Em entrevista à Folha, a presidente da Fundação Casa de SP, Berenice Giannella, afirmou que a lotação de jovens acima da capacidade na maioria das unidades não prejudica o trabalho da instituição no cumprimento das medidas socioeducativas.

"Esse excesso de lotação significa seis ou sete meninos a mais na maioria dos casos. Isso não prejudica o nosso atendimento. Todos os meninos fazem esporte, têm aula de arte e cultura, vão na escola, são vacinados. As medidas fazem a parte delas", disse.

"É claro que nós não somos mágicos, há um contexto maior. Os meninos chegam analfabetos, com famílias desestruturadas. Quando eles saem daqui, voltam para esse mundo", afirmou.

Ela também creditou a superlotação a um excesso de rigor de juízes, principalmente no interior do Estado de São Paulo, ao determinar internação para jovens envolvidos com o tráfico de drogas.

O ECA (Estatuto da Criança e do Adolescente) estabelece que, em caso de primeira passagem por tráfico, o jovem deve cumprir medidas alternativas, como a de semiliberdade.
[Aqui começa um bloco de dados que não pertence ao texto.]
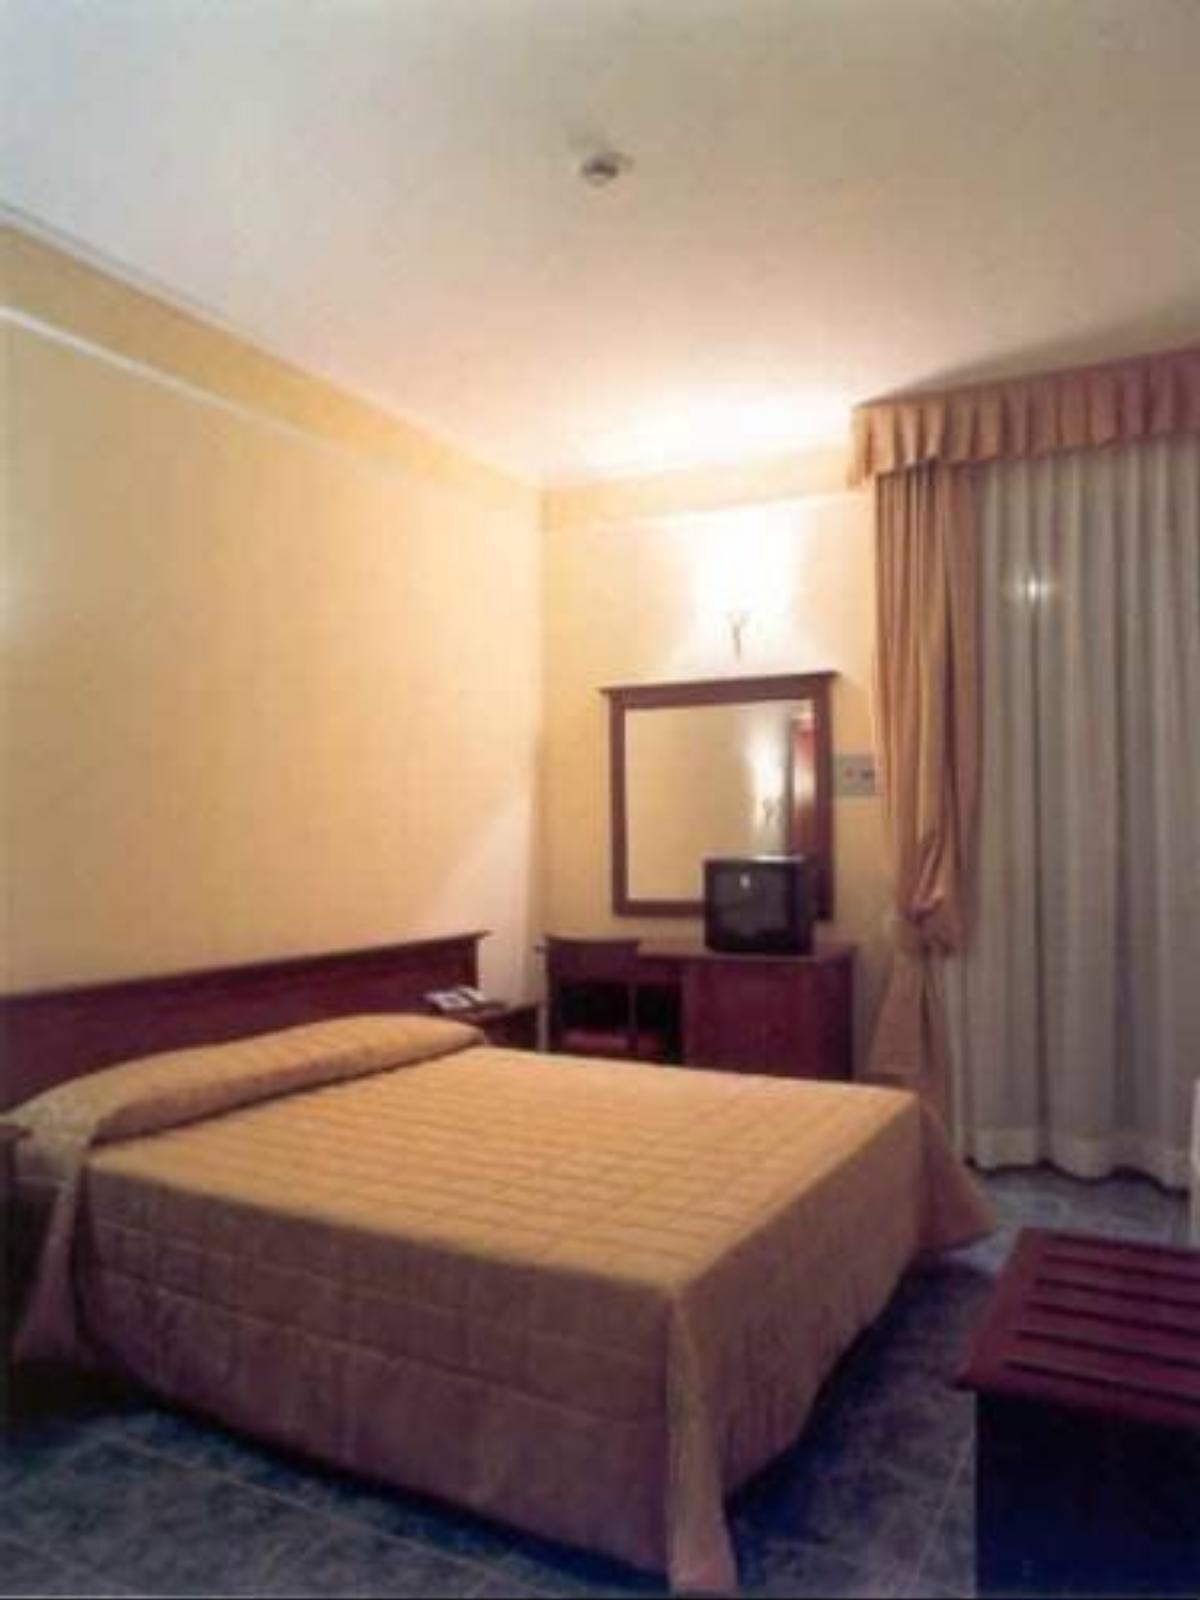 Hotel Impero Hotel Brescia Italy

Só deve ser internado em caso de reincidência.

Fundação casa - Capacidade

Ato infracional - Em %*

"Há um exagero no caso de internação por tráfico de entorpecentes, principalmente no interior", afirmou Berenice, presidente da fundação paulista desde 2006.

Para ela, também há excesso de internações provisórias, quando o jovem fica por 45 dias numa unidade, esperando a Justiça decidir se ele ficará por mais tempo ou será liberado. Segundo ela, 30% das provisórias não se convertem em internações.
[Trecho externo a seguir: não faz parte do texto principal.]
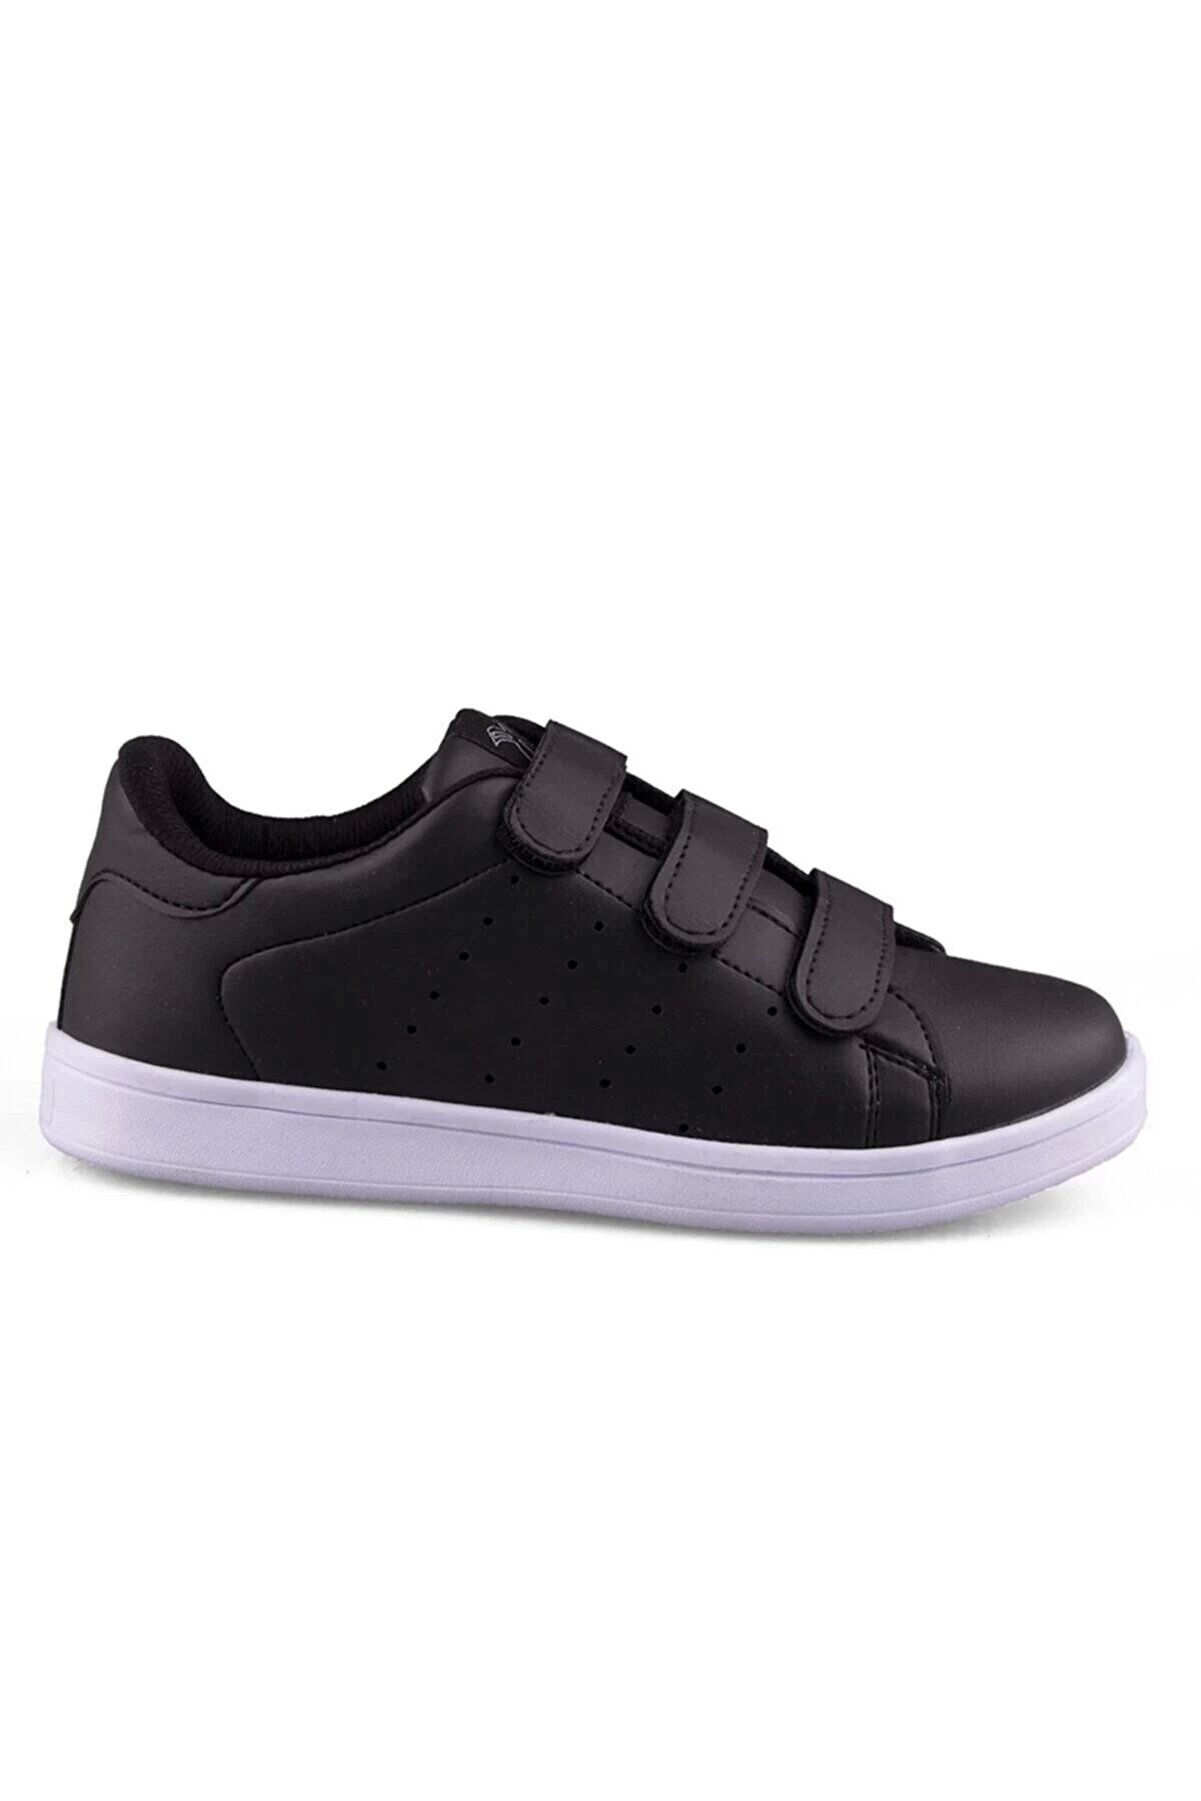 Venuma Kadın Siyah Garson Fashion Spor Sneaker Yürüyüş Ayakkabısı - 308

"Tenho plena convicção de que, se não houvesse excesso de internação provisória ou por tráfico, nós teríamos vagas sobrando. Muitas vezes, o juiz quer dar um susto no adolescente e, depois de 45 dias, o solta. Se vai soltar, porque internou provisoriamente?", declara.

Sobre a capacidade estendida, quando a Fundação Casa supera a lotação em 15% em algumas unidades, Berenice argumenta que a estratégia não é usada em toda a rede da instituição.
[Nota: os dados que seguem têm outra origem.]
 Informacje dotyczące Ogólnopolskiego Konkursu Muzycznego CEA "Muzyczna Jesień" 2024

"Usamos na região oeste, onde mais de 80% dos meninos são internados por tráfico, e na capital, em unidades de internação provisória."

A decisão do STF (Supremo Tribunal Federal) sobre o tema, diz, refere-se a uma questão de competência. "A decisão diz que o Judiciário não pode determinar quantos meninos vão ficar em cada unidade. Isso é uma questão do Executivo", explica.

Sobre denúncias de agressão a adolescentes, Berenice afirma que a Corregedoria da fundação investiga os casos e pune os responsáveis.